Inflammatory Activation During Coronary Artery Surgery and Its Dose-Dependent Modulation by Statin/ACE-Inhibitor Combination
Background— On-pump coronary artery bypass graft (CABG) surgery triggers an inflammatory response (IR) which may impair revascularization. The study aimed at (1) characterizing the temporal profile of the IR by assaying appropriate markers in both systemic and coronary blood, and (2) determining whether (and which doses of) cardiovascular drugs known to have antiinflammatory properties, namely statins and ACE-inhibitors (ACEI), inhibit the response.
Methods and Results— Patients scheduled for CABG (n=22) were randomized to statin/ACEI combination treatment at standard doses (STD, ramipril 2.5/simvastatin 20 mg, or atorvastatin 10 mg), or at high doses (HiDo, ramipril 10 mg, or enalapril 20 mg/simvastatin 80 mg, or atorvastatin 40 mg). Plasma levels of interleukin 6, tumor necrosis factor alpha, E-selectin, von Willebrand factor (vWF), and sVCAM-1 were serially assayed (ELISA) before, during, and after CABG. Blood was drawn from an artery, a systemic vein, and the coronary sinus.
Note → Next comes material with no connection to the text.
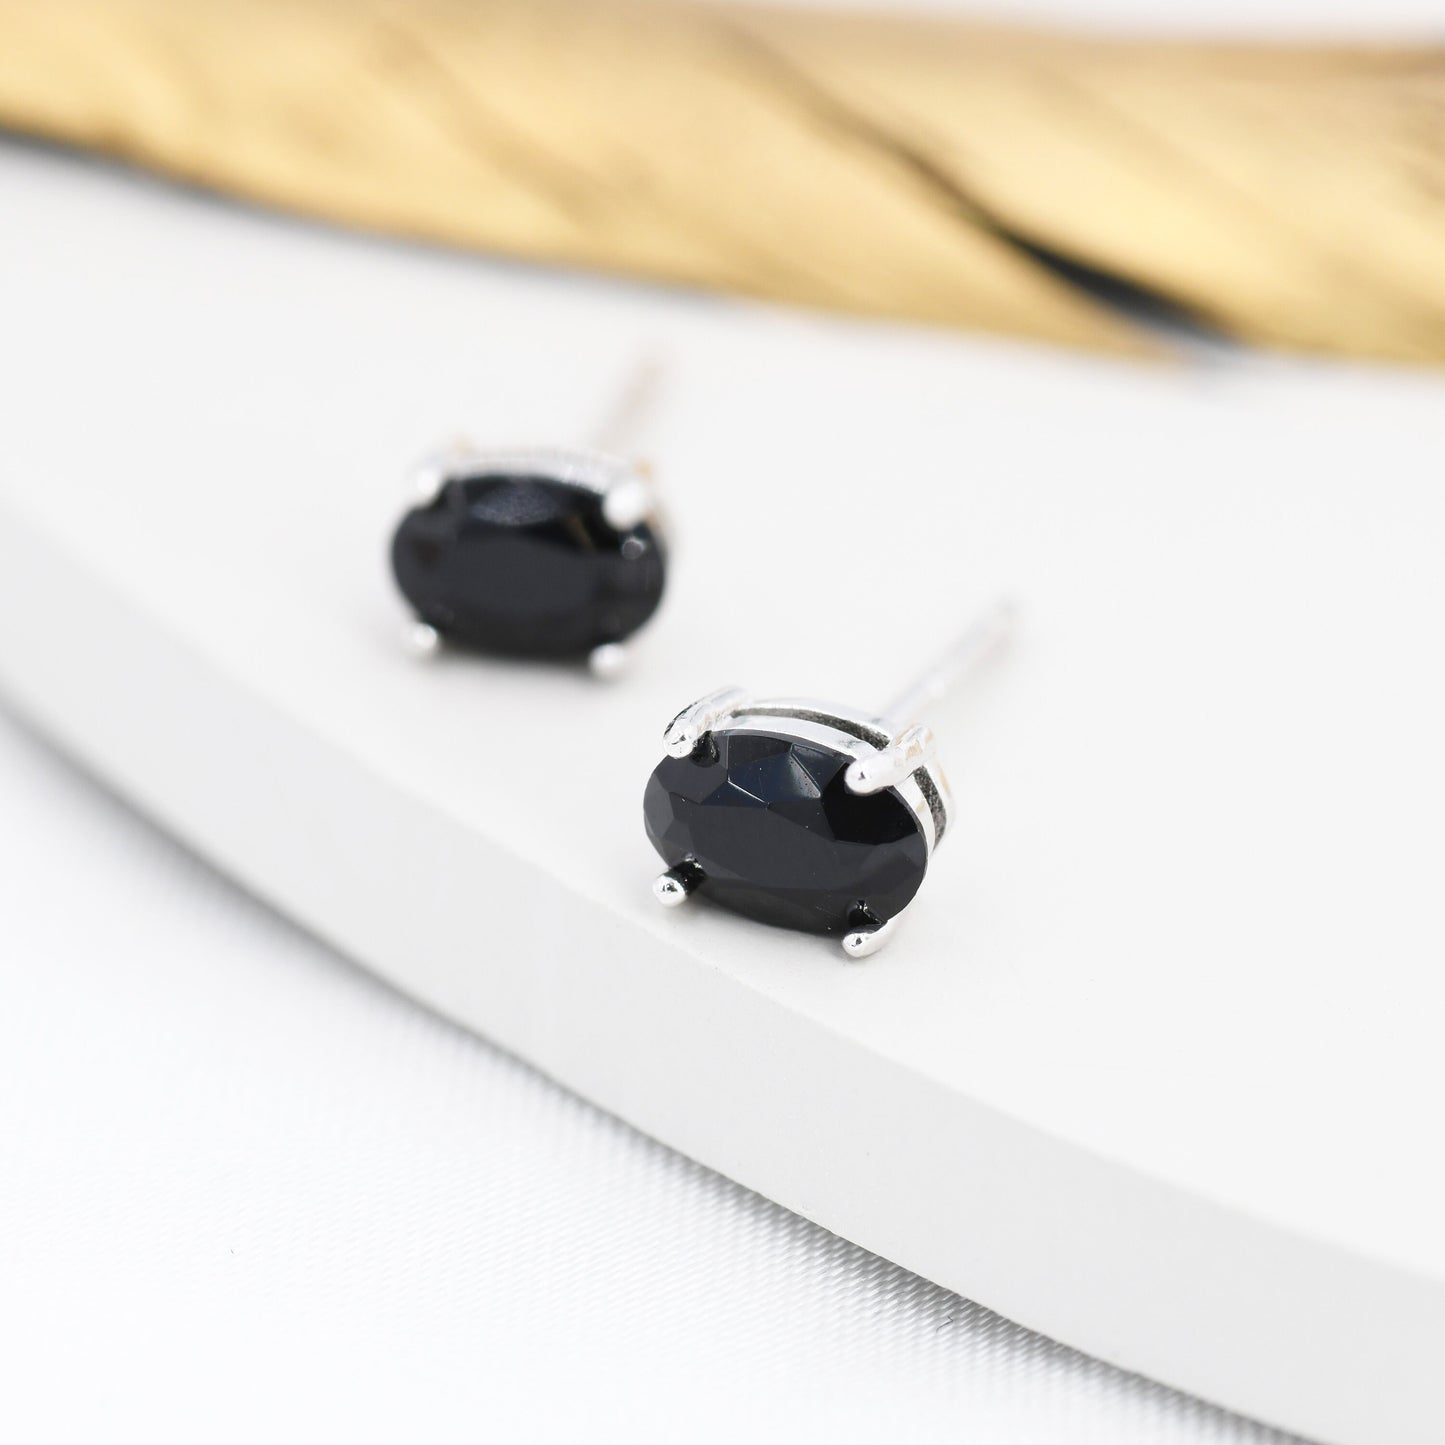 Genuine Black Onyx Oval Stud Earrings in Sterling Silver, Natural Oval Black Onyx Crystal Earrings

Myocardial perfusion scans were obtained before and 2 months after surgery in 19 out of 22 subjects. In the STD group both IL-6 and TNF displayed striking increases which were similar at all sites and peaked 10 to 60 minutes after aortic declamping. Such increases were drastically attenuated in the HiDo group. Instead, only modest increases in venous E-selectin, vWF, and sVCAM-1 were observed. Scintigraphic ischemia scores were entirely normalized after versus before CABG in the HiDo but not in the STD treatment group.
Conclusions— On-pump CABG surgery is associated with an intense systemic inflammatory response, which can be almost completely prevented by early treatment with high (but not standard) doses of ACE-inhibitors and statins.
It is increasingly recognized that the inflammatory response triggered by on-pump coronary bypass graft surgery (CABG)1–3 is of clinical importance as it may contribute to the genesis of common postoperative complications and may even exert adverse vascular biological effects on native or grafted coronary vessels.4–6 However, several aspects and possible implications of this phenomenon are a subject of controversy or have so far not been addressed.
One, limited information exists on the magnitude and time course of the CABG-related release of circulating and vascular wall inflammatory factors.7,8 Two, it is not established whether the release of such factors has systemic extension or is confined to the cardiac tissues exposed to surgical trauma.9 Finally, conflicting results were reported as to whether and at which doses commonly used cardiovascular drugs can attenuate the inflammatory response and its consequences.10–16 This applies in particular to statins and ACE-inhibitors whose pleiotropic antiinflammatory properties are now well established.16–22
To address such open questions, we examined in patients undergoing on-pump CABG surgery: (1) the patterns of the surgery-related inflammatory response, by assaying a range of mediators throughout the perioperative period; (2) the trends of inflammatory mediator release assayed in parallel from the systemic and the coronary circulation, and (3) the possible differential effects of 2 doses of statins plus ACE-inhibitors on the inflammatory process as well as on the success of myocardial revascularization. The latter was assessed by performing effort radionuclide scans before and within 2 months of surgery.
Twenty-two patients with angiographically documented multi-vessel coronary artery disease not amenable to coronary angioplasty were recruited 20 days before the scheduled coronary revascularization surgery (Table 1). Patients were randomly allocated to either a standard therapy group (n=11, 2 females), in which the ongoing drug treatment was continued, or to a high dose therapy group (n=11, 1 female), in which ongoing drugs were maintained but their dose were uptitrated to ramipril 10 mg or enalapril 20 mg per day and to simvastatin 80 or atorvastatin 40 mg per day; such doses were viewed as to represent the highest recommended/tolerated dose for a patient in the pre-CABG phase and were previously shown to be associated with expression of the antiinflammatory activity of either drug class.21,22
Actual drug doses in each group are reported in Table 2.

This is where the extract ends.